AIM OF THE EXERCISE
Everything in the data must be repeated exactly, apart from the pictures, which are left out.

DATA SHOWN
----------

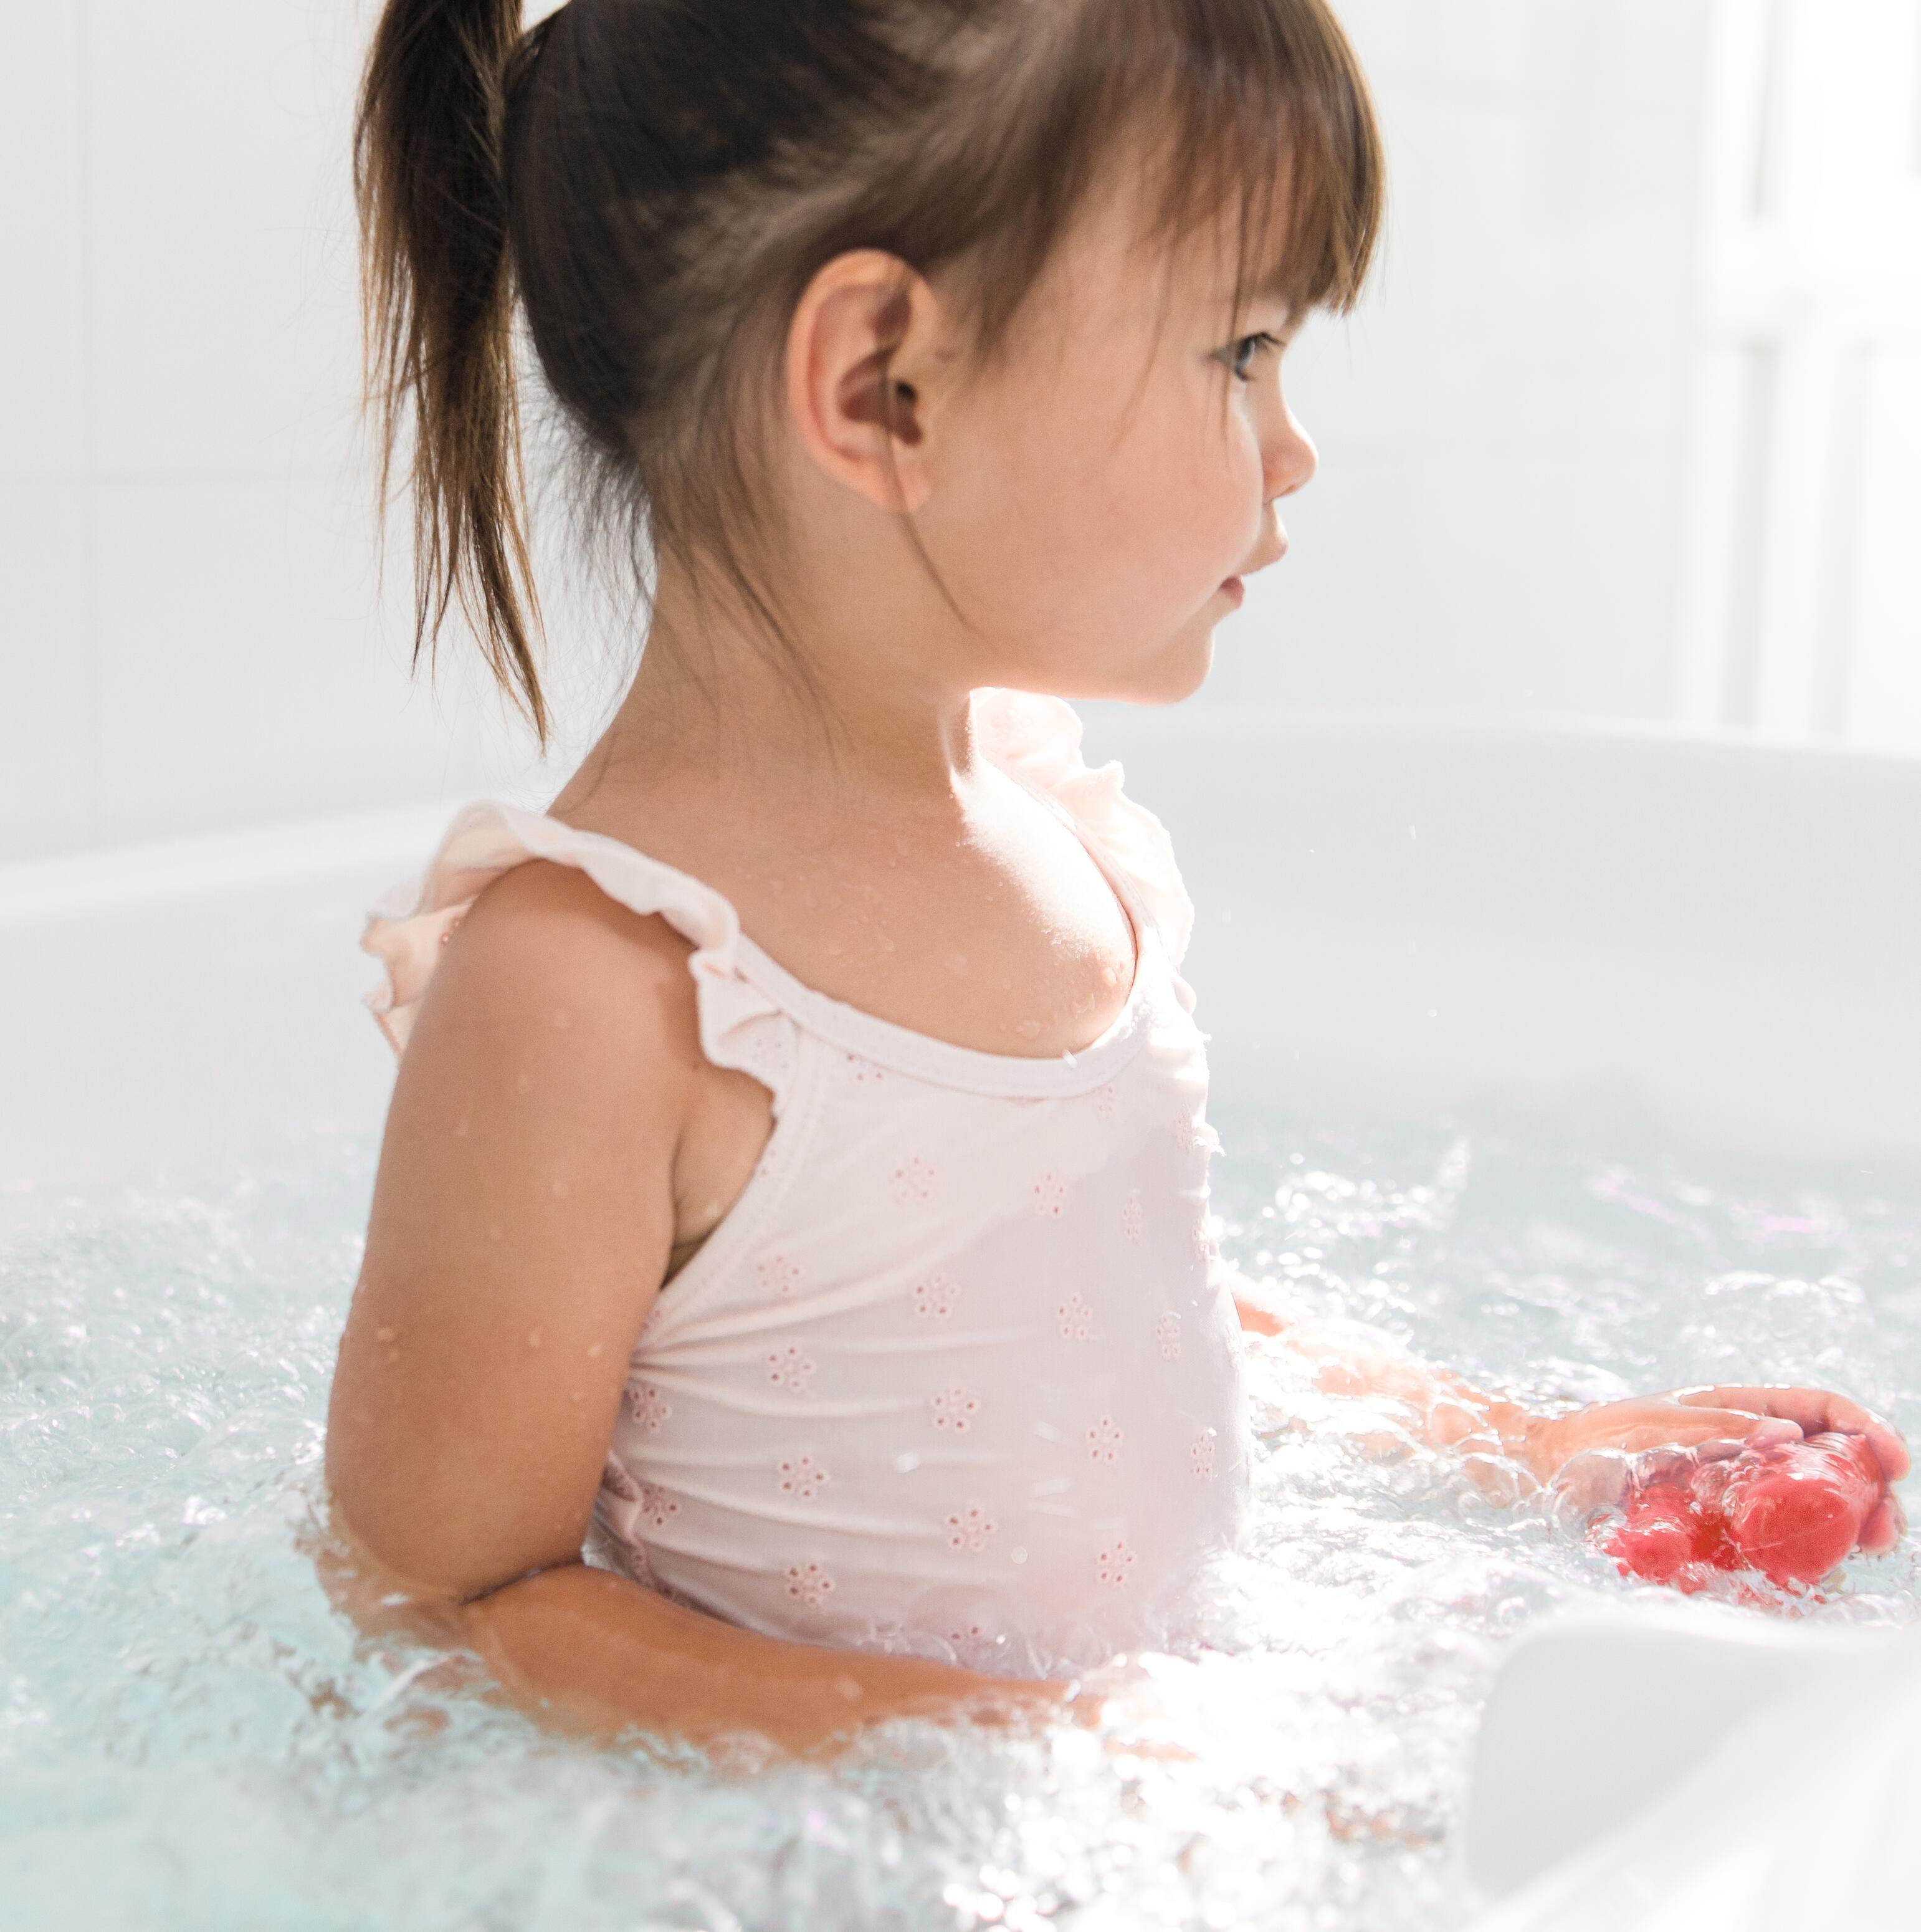 Eczeem, psoriasis: mag mijn kind in bad?
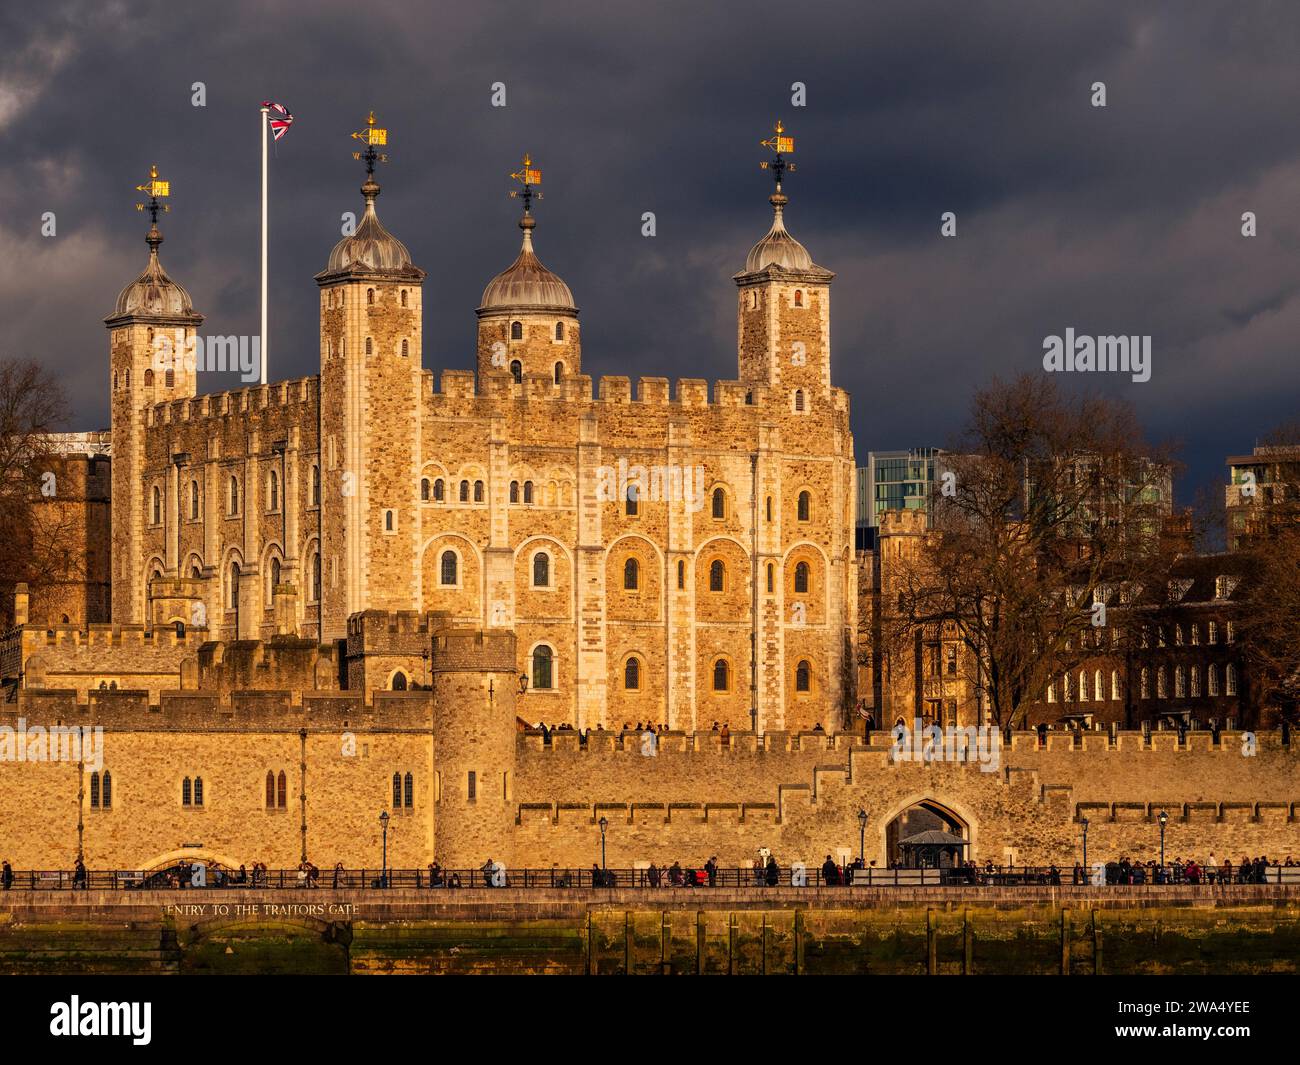 La Torre Bianca, la Torre di Londra, il Castello storico, sulle rive del Tamigi, Londra, Inghilterra, Regno Unito, Gran Bretagna. Foto Stock
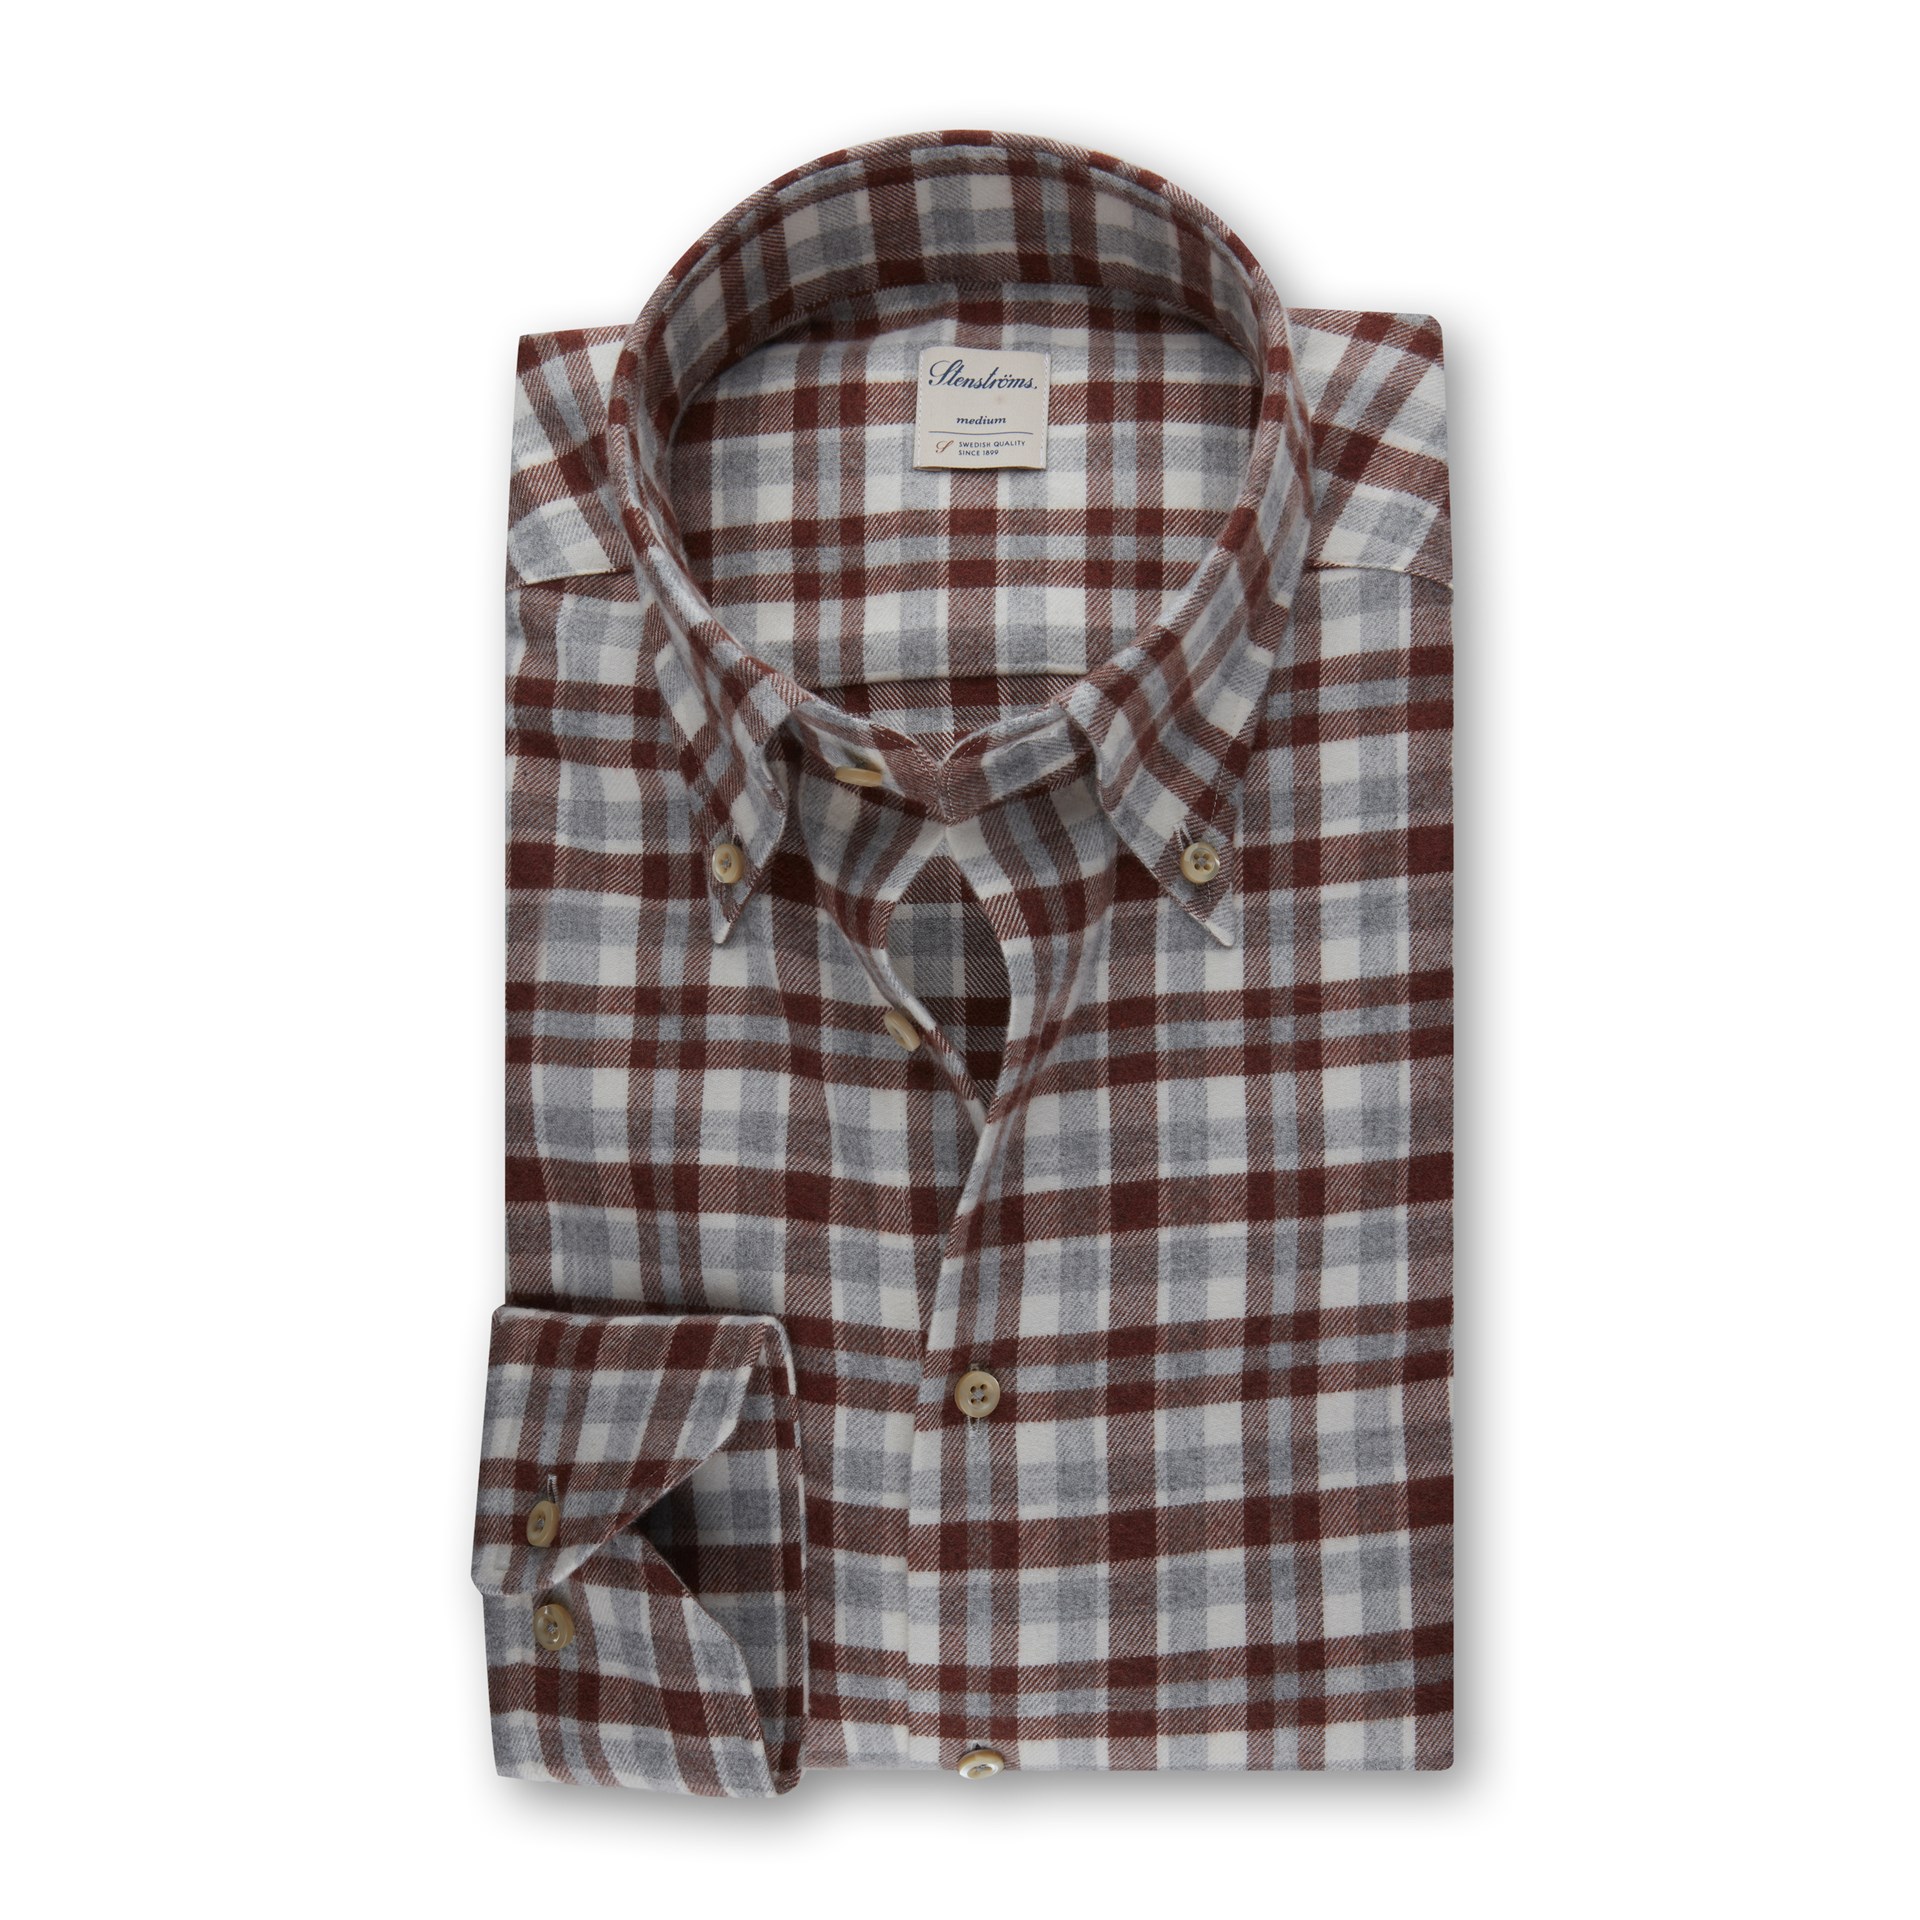 Stenstroms plaid flannel shirt

----------

ANSWER SPACE
 Eczeem, psoriasis: mag mijn kind in bad?
 La Torre Bianca, la Torre di Londra, il Castello storico, sulle rive del Tamigi, Londra, Inghilterra, Regno Unito, Gran Bretagna. Foto Stock
 Stenstroms plaid flannel shirt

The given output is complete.